Drop a BatchNorm layer between each conv/linear and its activation:

class BNLeNetScratch(d2l.Classifier):
    def __init__(self, lr=0.1, num_classes=10, rngs=None):
        super().__init__()
        self.save_hyperparameters(ignore=['rngs'])
        rngs = nnx.Rngs(d2l.get_key()) if rngs is None else rngs
        self.net = nnx.Sequential(
            nnx.Conv(1, 6, kernel_size=(5, 5), rngs=rngs),
            BatchNorm(6, num_dims=4),
            nnx.sigmoid,
            lambda x: nnx.avg_pool(x, window_shape=(2, 2), strides=(2, 2)),
            nnx.Conv(6, 16, kernel_size=(5, 5), rngs=rngs),
            BatchNorm(16, num_dims=4),
            nnx.sigmoid,
            lambda x: nnx.avg_pool(x, window_shape=(2, 2), strides=(2, 2)),
            lambda x: x.reshape((x.shape[0], -1)),
            nnx.Linear(7 * 7 * 16, 120, rngs=rngs),
            BatchNorm(120, num_dims=2), nnx.sigmoid,
            nnx.Linear(120, 84, rngs=rngs),
            BatchNorm(84, num_dims=2), nnx.sigmoid,
            nnx.Linear(84, num_classes, rngs=rngs))

Train

Trains noticeably faster than vanilla LeNet — same accuracy in fewer epochs:

trainer = d2l.Trainer(max_epochs=10, num_gpus=1)
data = d2l.FashionMNIST(batch_size=128)
model = BNLeNetScratch(lr=0.1)
trainer.fit(model, data)

After training, gamma and beta are non-trivial — the layer learned the scale/shift it wants:

model.net.layers[1].gamma[...].reshape((-1,)), \
model.net.layers[1].beta[...].reshape((-1,))
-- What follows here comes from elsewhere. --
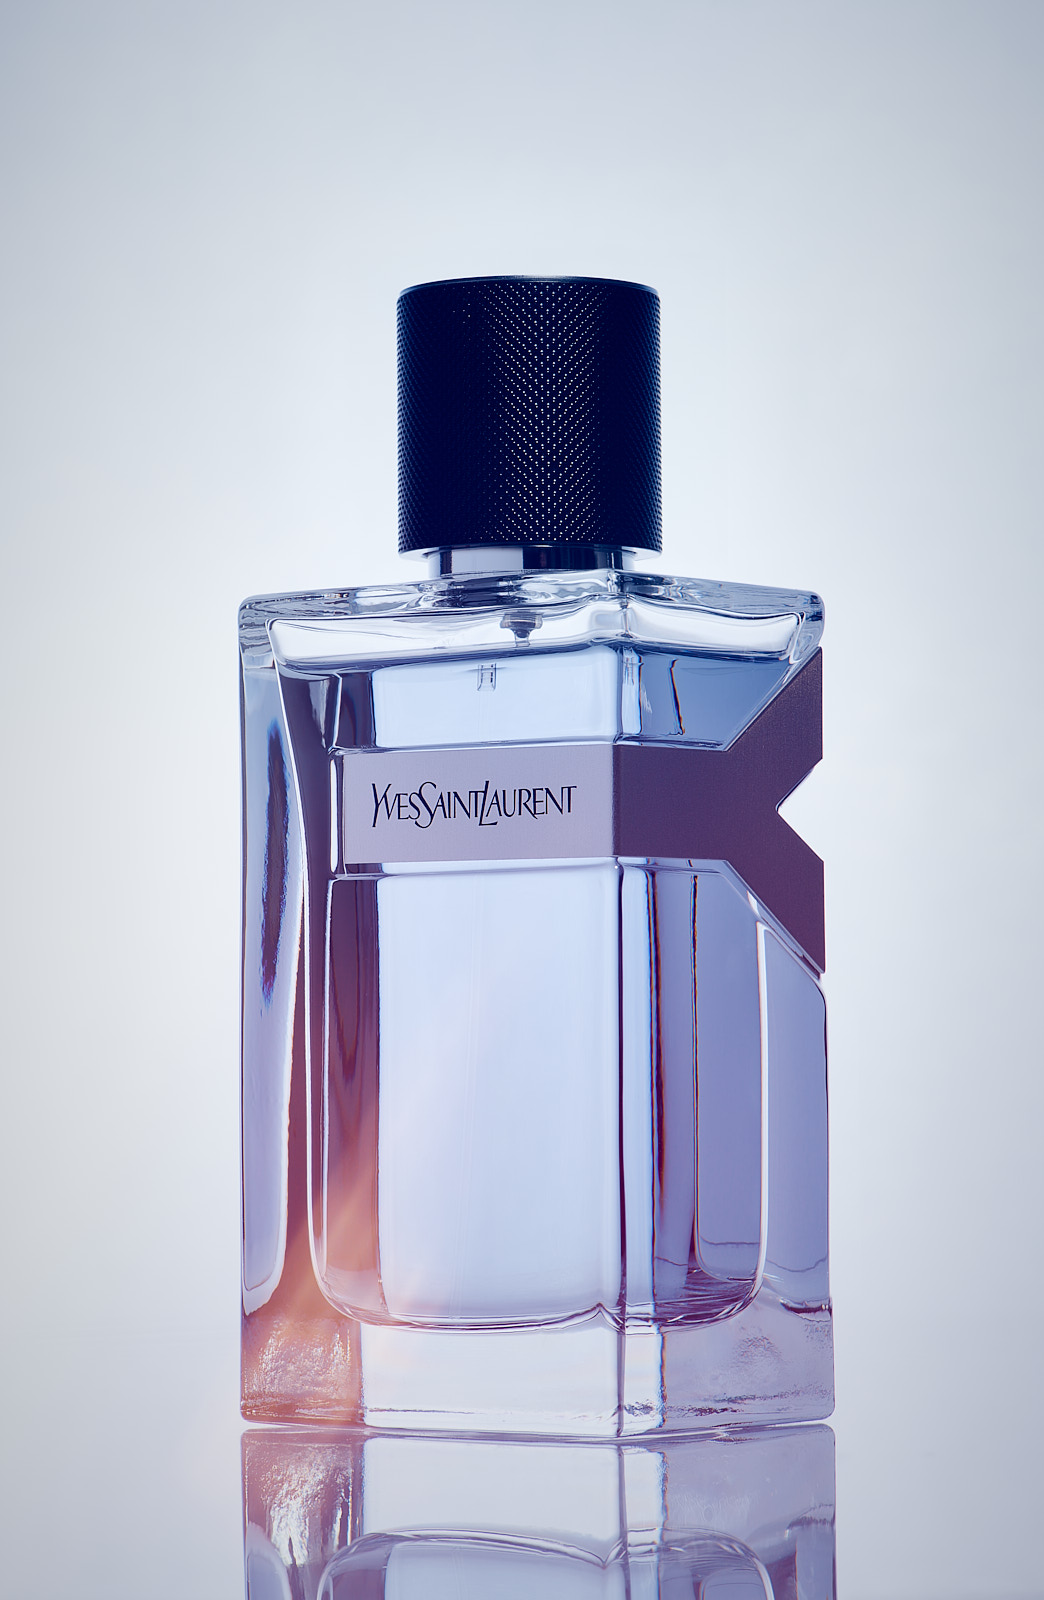 Photographe parfum

(Array([2.6707244, 1.8966421, 1.8147523, 1.6768903, 1.9702979, 1.7232087],      dtype=float32),
 Array([ 1.2342167 ,  0.5609814 , -0.26910412,  0.81538904,  0.20941882,
         0.6389893 ], dtype=float32))

The framework version

nn.BatchNorm2d for conv layers, nn.BatchNorm1d for linear layers — same idea, much faster, handles the eval/training mode switch automatically:

class BNLeNet(d2l.Classifier):
    def __init__(self, lr=0.1, num_classes=10, rngs=None):
        super().__init__()
        self.save_hyperparameters(ignore=['rngs'])
        rngs = nnx.Rngs(d2l.get_key()) if rngs is None else rngs
        # Flax's default momentum=0.99 decays the OLD running stats; PT/MX use
        # momentum=0.1 on the NEW stats, i.e. decay-of-OLD = 0.9. Pass 0.9 to
        # match the other tabs.
        self.net = nnx.Sequential(
            nnx.Conv(1, 6, kernel_size=(5, 5), rngs=rngs),
            nnx.BatchNorm(6, momentum=0.9, rngs=rngs), nnx.sigmoid,
            lambda x: nnx.avg_pool(x, window_shape=(2, 2), strides=(2, 2)),
            nnx.Conv(6, 16, kernel_size=(5, 5), rngs=rngs),
            nnx.BatchNorm(16, momentum=0.9, rngs=rngs), nnx.sigmoid,
            lambda x: nnx.avg_pool(x, window_shape=(2, 2), strides=(2, 2)),
            lambda x: x.reshape((x.shape[0], -1)),
            nnx.Linear(7 * 7 * 16, 120, rngs=rngs),
            nnx.BatchNorm(120, momentum=0.9, rngs=rngs), nnx.sigmoid,
            nnx.Linear(120, 84, rngs=rngs),
            nnx.BatchNorm(84, momentum=0.9, rngs=rngs), nnx.sigmoid,
            nnx.Linear(84, num_classes, rngs=rngs))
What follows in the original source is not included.